Synthesis of cationic β-cyclodextrin functionalized silver nanoparticles and their drug-loading applications.

作者信息

Yang Ke, Liu Junfeng, Luo Laichun, Li Meilin, Xu Tanfang, Zan Junfeng

机构信息

College of Pharmacy, Hubei University of Chinese Medicine Wuhan 430065 P. R. China

Key Laboratory of Traditional Chinese Medicine Resource and Compound Prescription, Ministry of Education, Hubei University of Chinese Medicine Wuhan 430065 P. R. China.

出版信息

RSC Adv. 2023 Mar 6;13(11):7250-7256. doi: 10.1039/d2ra08216k. eCollection 2023 Mar 1.

Abstract

Silver nanoparticles have attracted great attention owing to their distinct physicochemical properties, which inspire the development of their synthesis methodology and their potential biomedical applications. In this study, a novel cationic β-cyclodextrin (C-β-CD) containing a quaternary ammonium group and amino group was applied as a reducing agent as well as a stabilizing agent to prepare C-β-CD modified silver nanoparticles (CβCD-AgNPs). Besides, based on the inclusion complexation between drug molecules and C-β-CD, the application of CβCD-AgNPs in drug loading was explored by the inclusion interaction with thymol.
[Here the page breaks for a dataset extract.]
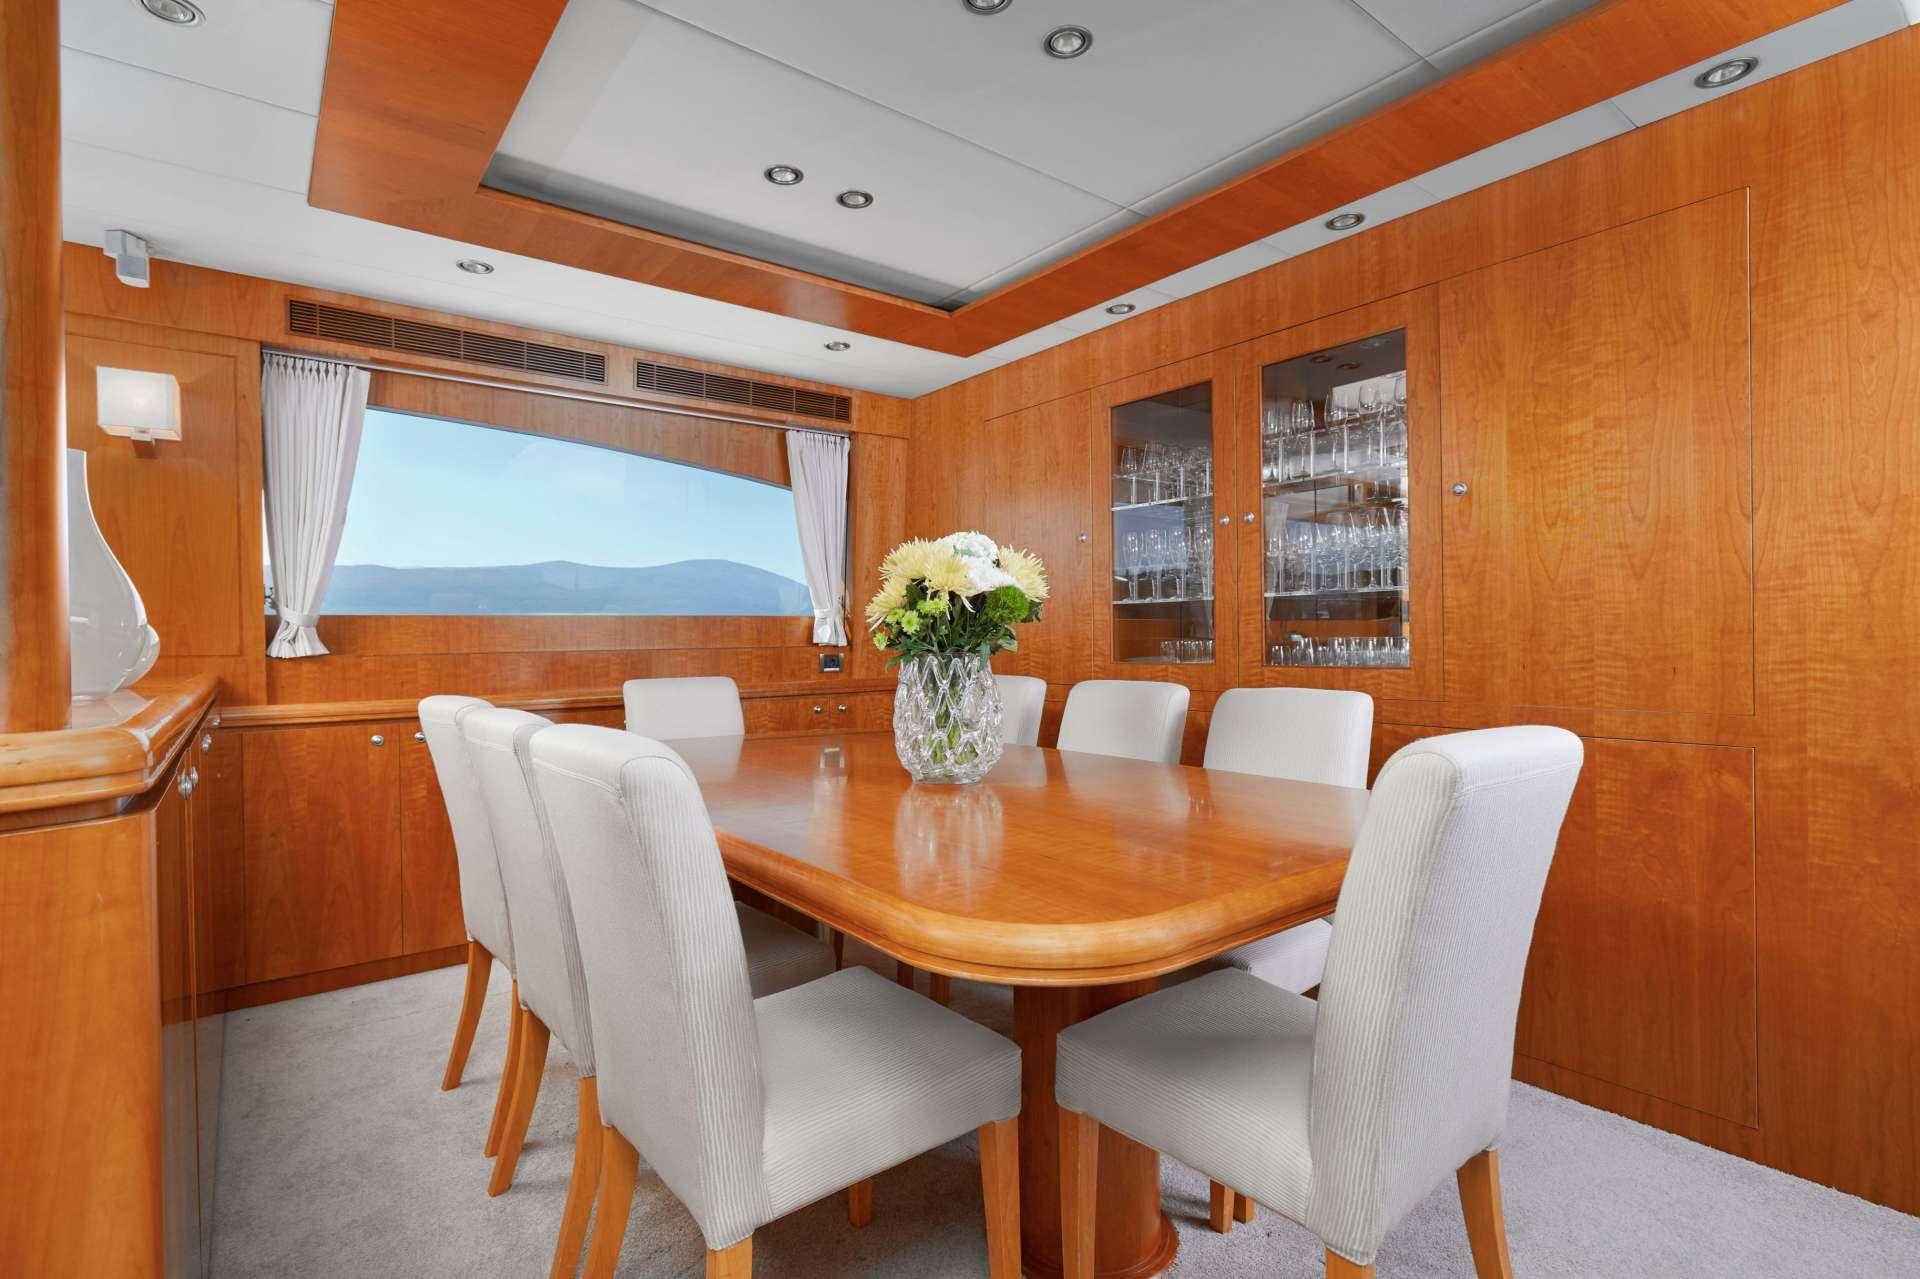 Power Yacht 'Power', 10 PAX, 5 Crew, 97.00 Ft, 29.00 Meters, Built 2009, Horizon, Refit Year 2018

The formation of AgNPs was confirmed by ultraviolet-visible spectroscopy (UV-vis) and X-ray diffraction spectroscopy (XRD). Scanning electron microscopy (SEM) and transmission electron microscopy (TEM) showed the prepared CβCD-AgNPs were well dispersed with particle sizes between 3-13 nm, and the zeta potential measurement result suggested that the C-β-CD played a role in preventing their aggregation in solution. H Nuclear magnetic resonance spectroscopy (H-NMR) and Fourier transform infrared spectroscopy (FT-IR) revealed the encapsulation and reduction of AgNPs by C-β-CD. The drug-loading action of CβCD-AgNPs was demonstrated by UV-vis and headspace solid-phase microextraction gas chromatography mass spectrometry (HS-SPME-GC-MS), and the results of TEM images showed the size increase of nanoparticles after drug loading.

摘要

由于其独特的物理化学性质,银纳米颗粒引起了广泛关注,这激发了其合成方法的发展及其潜在的生物医学应用。在本研究中,一种含有季铵基团和氨基的新型阳离子β-环糊精(C-β-CD)被用作还原剂和稳定剂来制备C-β-CD修饰的银纳米颗粒(CβCD-AgNPs)。此外,基于药物分子与C-β-CD之间的包合络合作用,通过与百里酚的包合相互作用探索了CβCD-AgNPs在药物负载方面的应用。通过紫外可见光谱(UV-vis)和X射线衍射光谱(XRD)确认了AgNPs的形成。扫描电子显微镜(SEM)和透射电子显微镜(TEM)显示所制备的CβCD-AgNPs分散良好,粒径在3-13nm之间,zeta电位测量结果表明C-β-CD在防止其在溶液中聚集方面发挥了作用。核磁共振氢谱(H-NMR)和傅里叶变换红外光谱(FT-IR)揭示了C-β-CD对AgNPs的包封和还原作用。通过UV-vis和顶空固相微萃取气相色谱质谱联用仪(HS-SPME-GC-MS)证明了CβCD-AgNPs的载药作用,TEM图像结果显示载药后纳米颗粒尺寸增大。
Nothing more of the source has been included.